Portugal tem sido, ao longo das últimas décadas, um dos destinos mais escolhidos pelos angolanos em busca de melhores condições de vida, num percurso marcado por laços históricos, linguísticos e afetivos. Só entre 2017 e 2023, o número de imigrantes angolanos no país mais do que triplicou, passando de cerca de 17 mil para mais de 55 mil residentes legais, segundo dados oficiais citados pelo Novo Jornal. Este crescimento é visível também na cidade do Porto, onde, de acordo com o Observador, residiam em 2022 2.285 cidadãos angolanos, tornando o município no terceiro do país com maior presença desta comunidade, apenas atrás de Lisboa e Setúbal. Esta presença não se limita aos números, traduz-se em contribuições visíveis para a vida económica, social e cultural da cidade, especialmente em freguesias como Campanhã, onde a diversidade étnica se tornou parte do quotidiano. É nesse contexto que histórias como a de Angelina ganham significado, não apenas como percurso individual de migração, mas como expressão concreta de um fenómeno coletivo que está a moldar silenciosamente a nova face do Porto. 

Kimbundu é uma língua bantu falada principalmente em Angola, especificamente nas províncias de Luanda, Bengo, Malanje e Cuanza Norte.É a segunda língua africana mais falada em Angola e uma língua importante na cultura e identidade da região. A palavra “kimbundu” significa “língua dos mbundu” ou “língua dos ambundu”, que são os habitantes da região. 
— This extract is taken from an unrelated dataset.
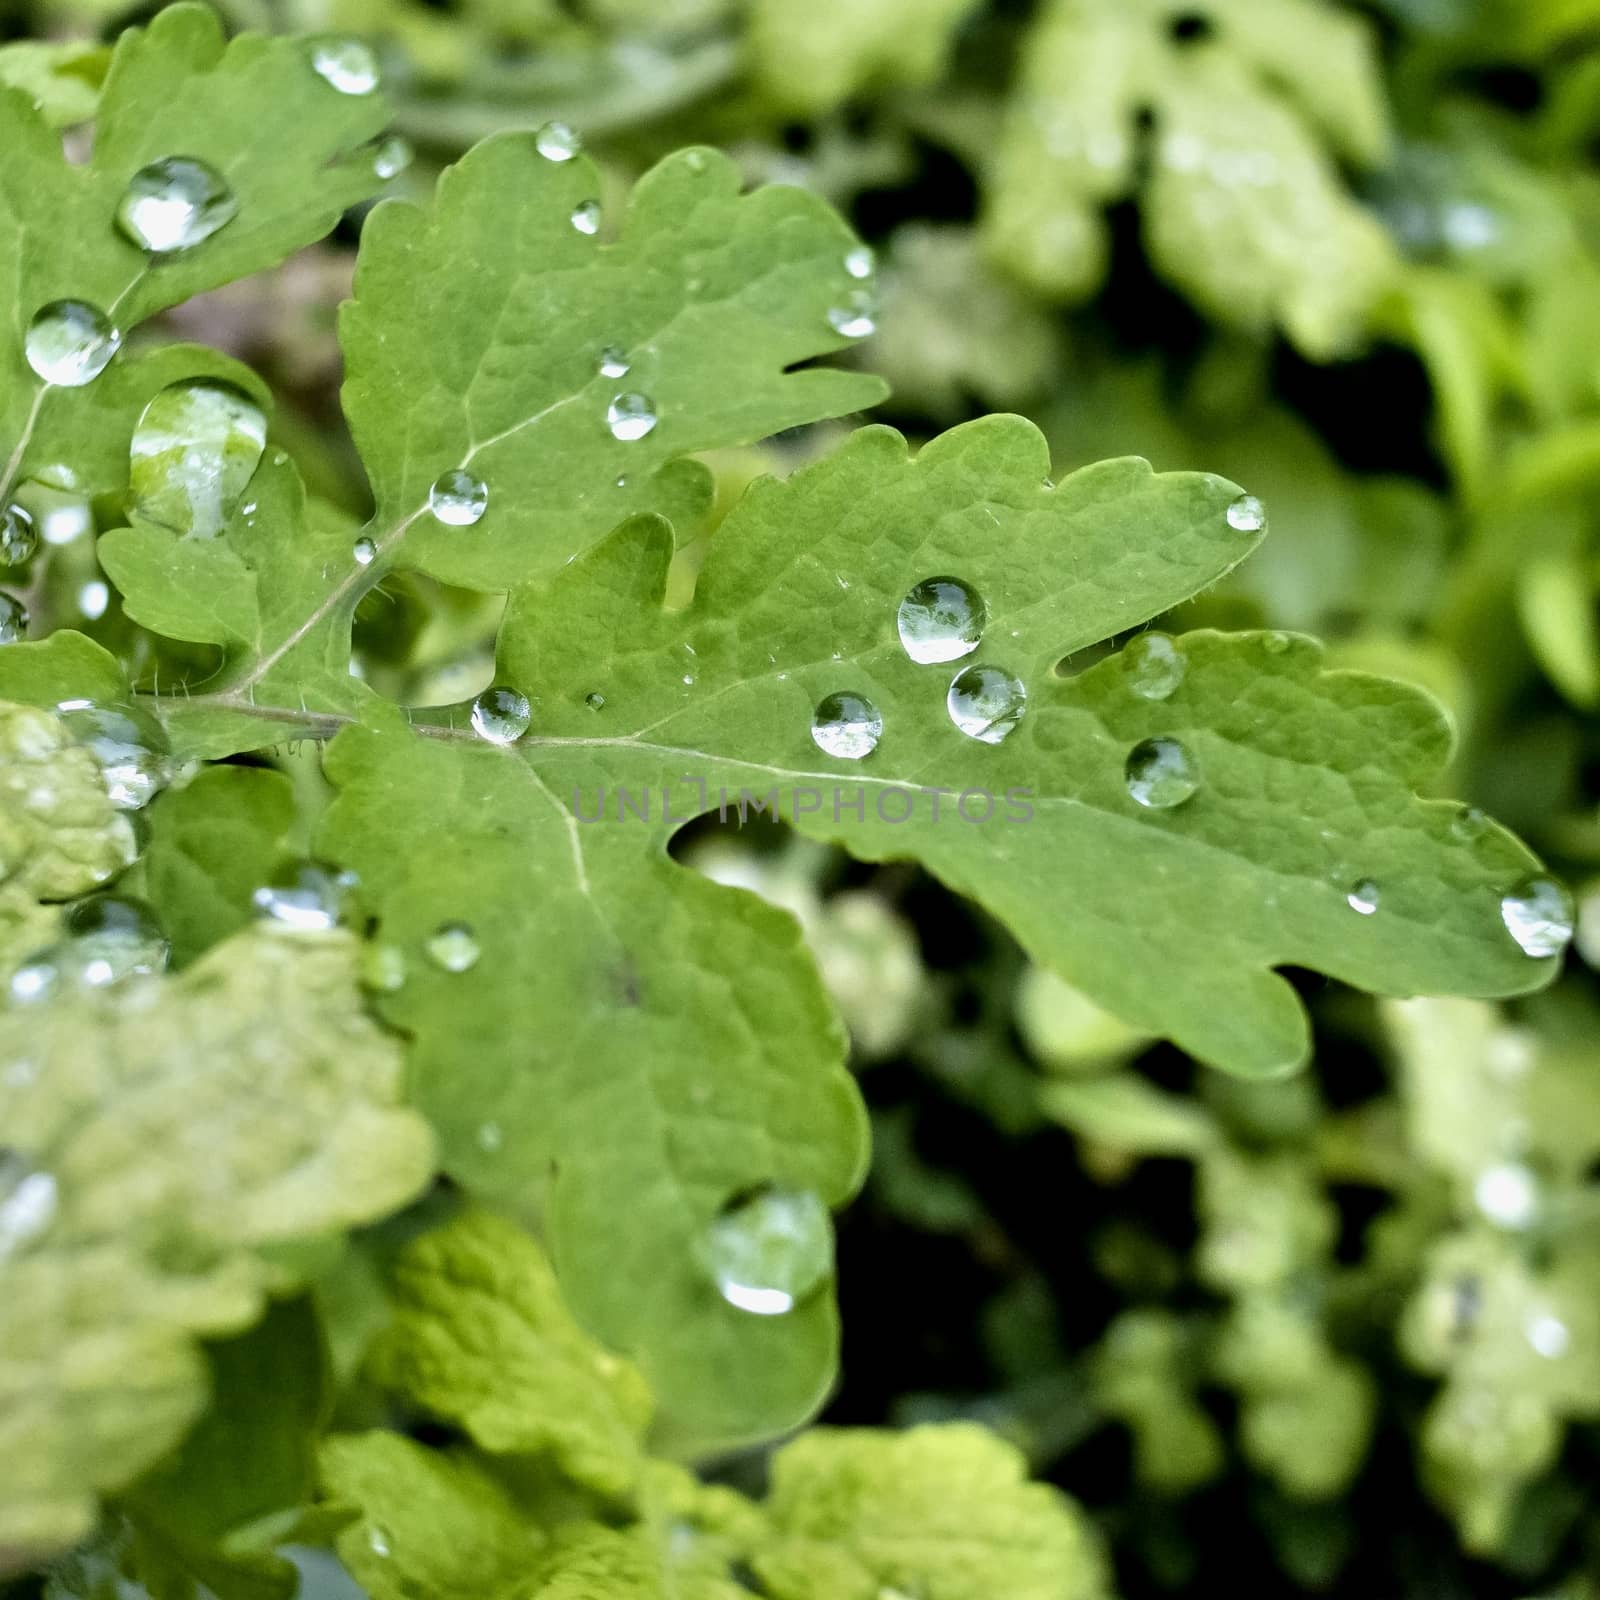 rain drops on green leaf in cloudy weather

Em cada prato do Compadre há uma história

Quando cozinha mufete, Angelina volta para casa. É como se estivesse de novo em Angola, “nessa viagem que os odores e paladares permitem, ao revisitarem a memória emocional”. A cortar peixe fresco, a pôr a banana a cozer, a mexer o feijão, é como se a angolana estivesse a sentir o calor da terra. O mesmo acontece com a moamba. É o prato que mais lhe puxa as memórias. “A moamba. Sempre a moamba. Quando estou a fazer, parece que estou lá.”

ReceitaReceita de Mufete de peixe carapau
Ingredientes Modo de preparação
1 – Meio quilo de feijão
2 – Seis peixes carapau, galo ou cacusso (pode por mais peixe se quiser)
3 – Uma mandioca grande
4 – Três ou quatro bananas pão
5 – Seis ou sete batata-doces
6 – 2 cebolas grandes
7 – Alho
8 – Uma lata de óleo de palma
9 – 1 chávena de farinha musseque
10 – Vinagre, azeite e sal
1 – Cozinha o feijão numa panela de pressão por cerca de uma hora e meia.
Depois de estar pronto, ponha numa panela meia lata de óleo de palma, o feijão e sal a gosto, deixando cozer em lume brando até ficar bem “apuradinho”.
2 – Lave e escame bem o peixe, tempere-o com sal pisado ao alho, limão ou vinagre, deixando o tempero entrar por cerca de 30 minutos. A seguir grelhe num grelhador ou de preferência num fogareiro.
3 – Descasque a mandioca, lave muito bem em água corrente e ponha a cozer.
4 – Lave a banana pão e a batata-doce, cosa-as em panelas separadas vá picando para ver se estão prontas. Elas ficam prontas quando estiverem molinhas.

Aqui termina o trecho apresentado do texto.